Malcolm appears first, face tight with alarm, shirt half-on. Alex is right behind him, eyes sharp.

"What happened?" Malcolm demands.

Finn doesn't answer.

Because the moment Malcolm and Alex get close enough, their noses flare.

They scent it.

Heat.

Their faces change—alarm deepening into something taut and instinctive.

"Fuck," Alex mutters, voice low and controlled.

Malcolm's jaw tightens. "She's in heat."

I gasp as another cramp hits. My body curls inward instinctively, and I inhale sharply—

And the world changes.

The scents run me over like a freight train.

Not muted. Not blurred. Not blocked.

Full.

Sharp.

Real.

My eyes fly open, pupils dilating so hard the room goes slightly unfocused. My lungs seize as scent floods my senses with brutal intensity—alpha, alpha, alpha, layered and distinct, rich with detail.
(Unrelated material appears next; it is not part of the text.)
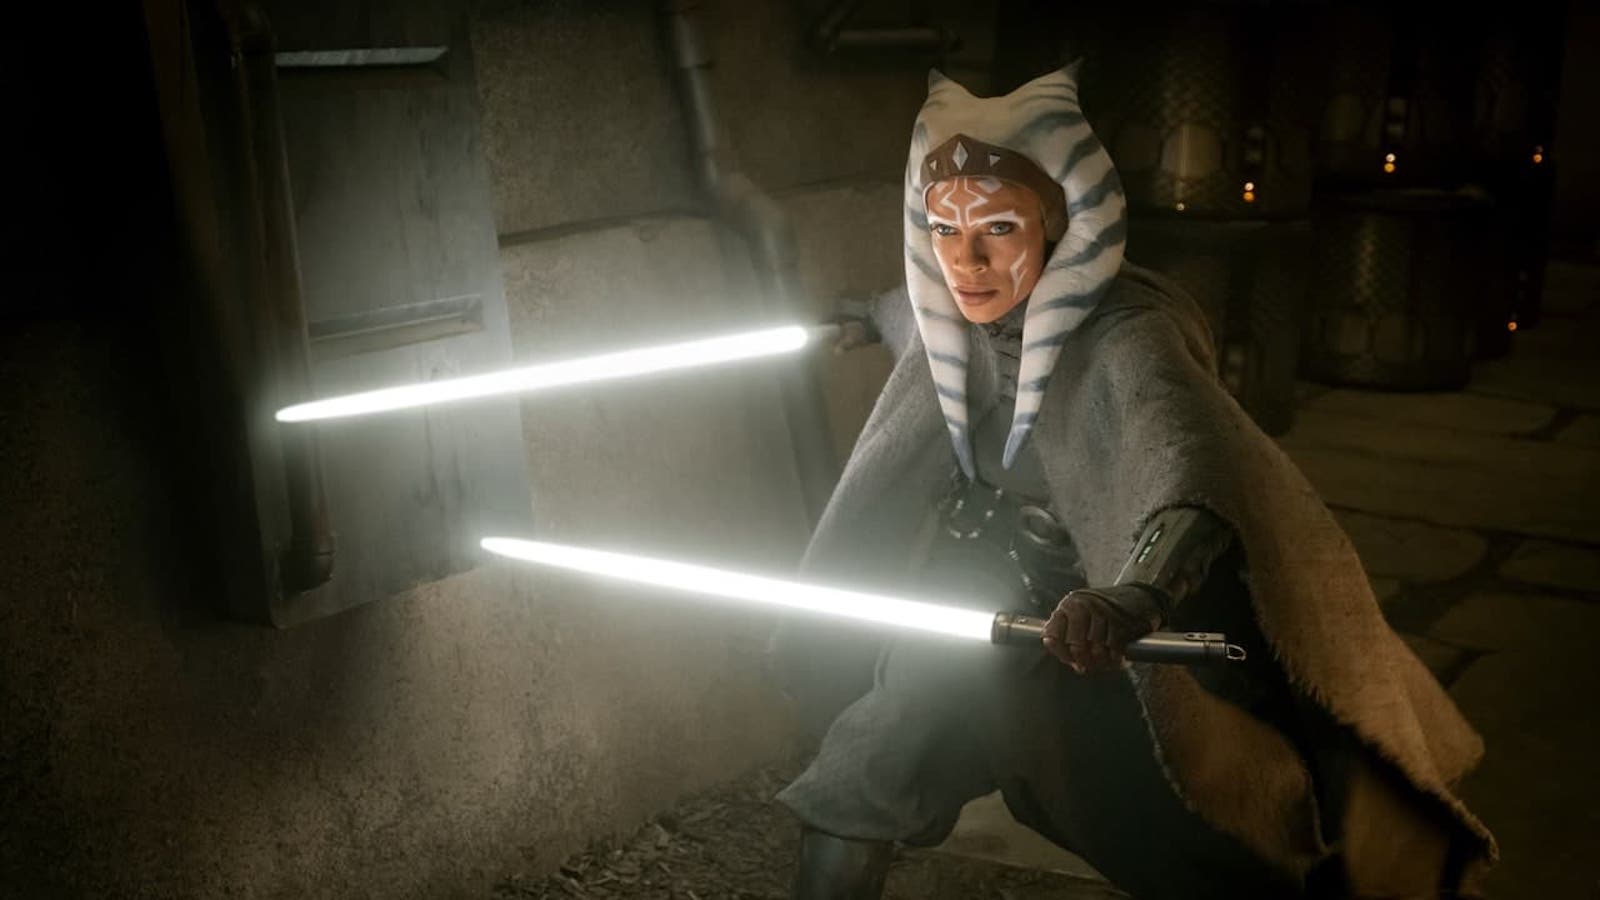 Star Wars Ahsoka, Dave Filoni reveals: 'I started writing it long before The Force Awakens'

Panic floods me instantly.

"No," I whisper, voice trembling. "No—"

Finn's hand strokes my hair. "Vee, it's okay—"

It is not okay.

Because my omega instincts surge toward the scent like a starving thing. My body reacts without permission, heat deepening, craving sharpening.

And at the same time, terror slams into me.

I don't understand why I can smell them like this.

I don't understand why it's so strong.

I don't understand why my body is screaming recognition.

Then it happens.

A flare deep in my chest—hot, bright, unmistakable.

Bond.

Not the gentle, growing thread I always imagined.

This is a spark thrown into gasoline.

It ignites violently, pain and heat and recognition colliding into something that makes me gasp and then scream.

Because I know.

I know with bone-deep certainty.

Malcolm.

Alex.

My scent matches.

Both of them.

If Finn was an alpha, he'd be a match too.

The realization isn't relief.

It's horror.

My body surges toward them like it's been waiting its whole life for this moment.

And my mind recoils.

Because it doesn't make sense.

Because it's impossible.

Because I belong to another pack.

Because I'm still in pain.

Because everything is already falling apart.

And now there's this—this bond-flare, this instinctual certainty—lighting up inside me like a brand.

I gasp, clawing weakly at Finn's shirt.

"Finn—"

"I've got you," he promises, voice urgent. "You're safe. You're—"

Malcolm and Alex are frozen for a beat, their attention snapping into place with the same recognition.

Alex's eyes lock on mine.

Malcolm's breath catches.

Their nostrils flare again, deeper, like they can scent what just happened inside me.

My bond ignited. Imprinted.

On them.

My stomach churns with terror as another cramp hits and I cry out, body curling inward.

I can't hold it together.

Everything is too much.

The scents are too strong.

The bond is too bright.

The pain is too sharp.

I sob, shaking, as the world tilts and slides, my consciousness flickering.

The realization breaks through the fog of pain: they must have known all along. With me unblocked and them on suppressants, they could scent our compatibility while I remained oblivious. They deliberately masked themselves from me.

Why?

The question forms on my tongue, but dissolves as another wave of agony crashes through me.

The last thing I register before everything goes hazy is Finn's frantic voice—apologizing, soothing, promising—and Malcolm and Alex closing in, not touching yet, but surrounding me with presence like walls. Promising to take the pain away. Promising to take care of me.

And my own body, traitorous and desperate, hearing the screaming in my mind but reaching for them anyway.